Kort wordt uitgelegd wat de bestraling precies doet. Het doel is (natuurlijk) om de kankercellen te vernietigen. Bestraling beschadigt het DNA in een cel. Als het DNA zoveel schade oploopt, kan de cel zich niet meer delen en sterft af. Omdat kankercellen sneller delen dan gezonde cellen, zijn ze gevoeliger voor de bestraling, dus het DNA raakt sneller beschadigd. Daarbij herstellen ze minder goed van bestraling dan de gezonde cellen. Ik krijg vijf bestralingen, van maandag tot en met vrijdag. Daarna heb ik een week om bij te tanken en vervolgens start ik met de chemotherapie op 13 juli.
Na de verdere info en een bult aan papieren rijker, moet ik me melden voor een CT scan en het aanstippen van tatoeage punten. Voordat ik plaatsneem in de wachtkamer, wissel ik snel even van ondergoed op het toilet. Ik ben de preutsheid zo onderhand wel een beetje voorbij, maar een hipster is toch wat “gekleder” dan een string toch?
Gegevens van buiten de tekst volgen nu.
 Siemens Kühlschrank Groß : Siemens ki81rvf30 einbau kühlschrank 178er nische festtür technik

Waar een mens over nadenkt in zulke tijden!
Ik had me de moeite beter kunnen besparen, want zodra ik op mijn buik op de behandeltafel lig, wordt de hipster resoluut weer naar beneden getrokken door een verpleegkundige. Ze legt uit wat ze gaat doen. Eerst zullen ze bepaalde punten markeren met een rode stift, daarna krijg ik drie tatoeage punten. Die punten zorgen ervoor dat ik elke keer goed onder het bestralingsapparaat lig en zorgt er daardoor ook voor dat zo min mogelijk van het gezonde weefsel wordt aangetast. Ik dacht nog met mijn blonde hoofd: dat zal wel gebeuren met watervaste stift….ofzo…..
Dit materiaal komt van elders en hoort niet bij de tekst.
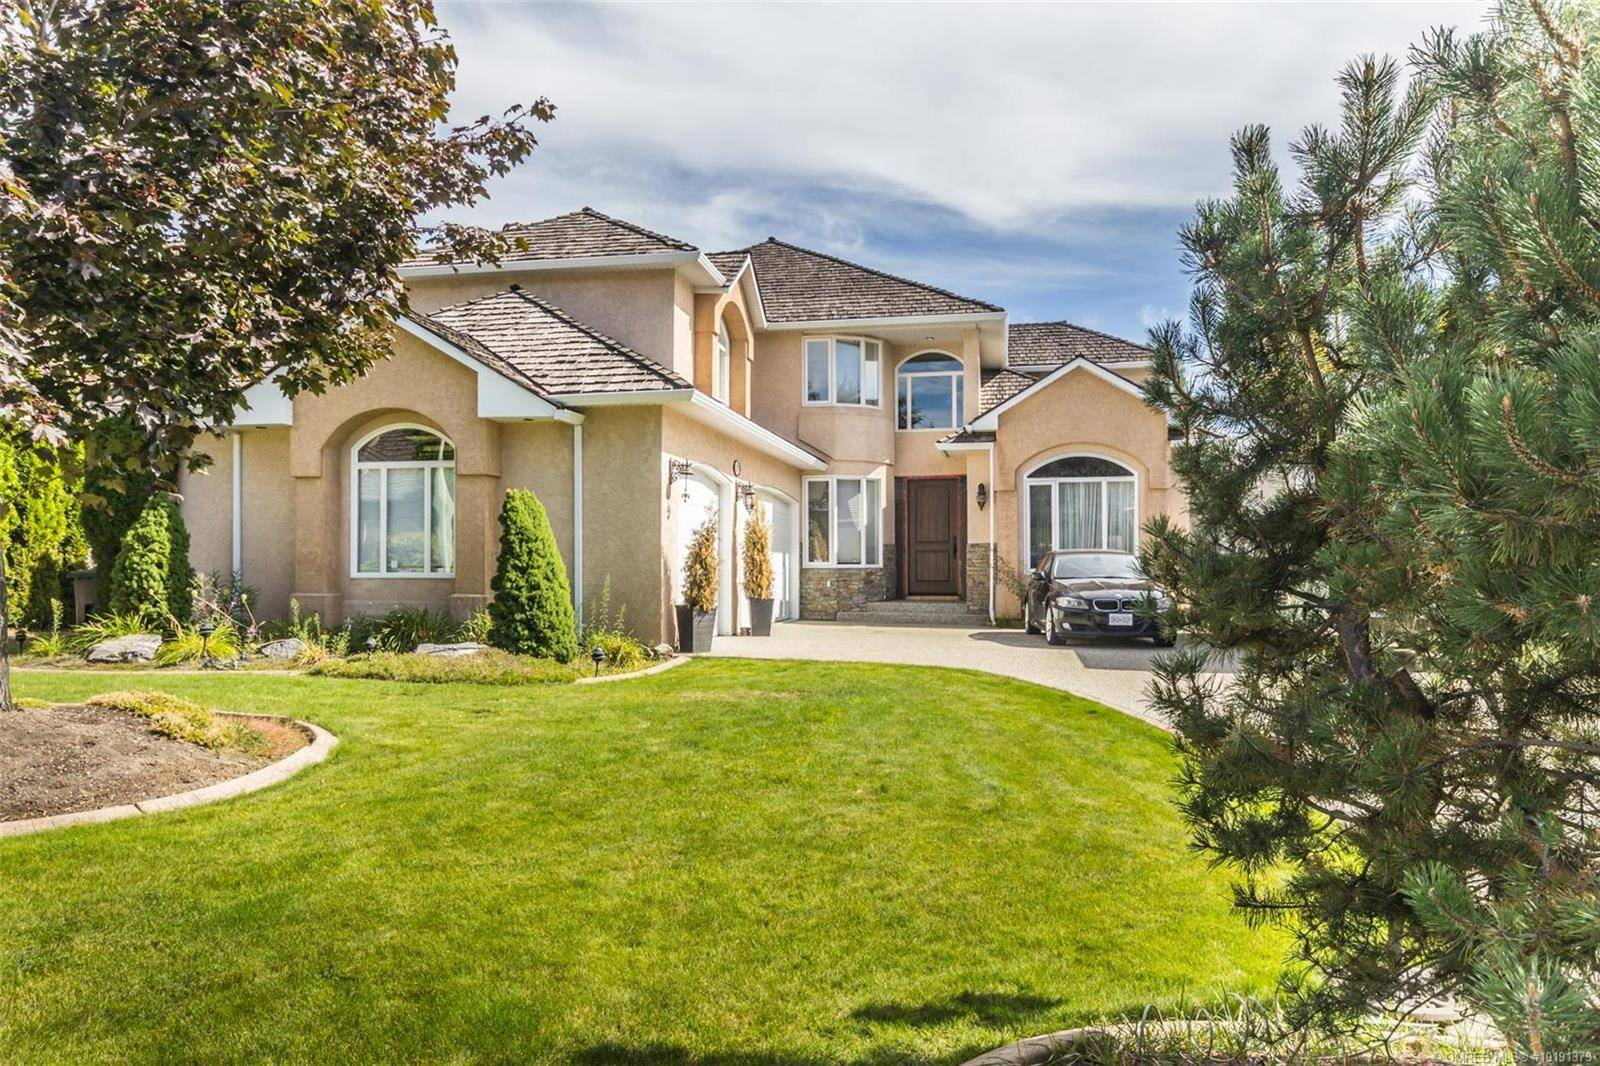 House for sale at 2177 Breckenridge Ct Kelowna British Columbia - MLS: 10191379

“Mevrouw, dan komt nu de naald met de inkt”. Pardon? Huh? En ja hoor, ik krijg een punt op mijn linker bil, eentje op mijn rechter en eentje net boven de bilnaad. Ik zal me niet aanstellen verder, maar respect voor al mijn leeftijdsgenootjes die een aarsgewei hebben laten tatoeëren in hun twintiger jaren. Iets met zenuw uiteinden en tegen het plafond schieten. Na de CT scan kan ik naar huis. Daar kijk ik in de spiegel. Drie rode kruizen en drie zwarte stippen. Op mijn achterwerk. Voor mijn leven getekend.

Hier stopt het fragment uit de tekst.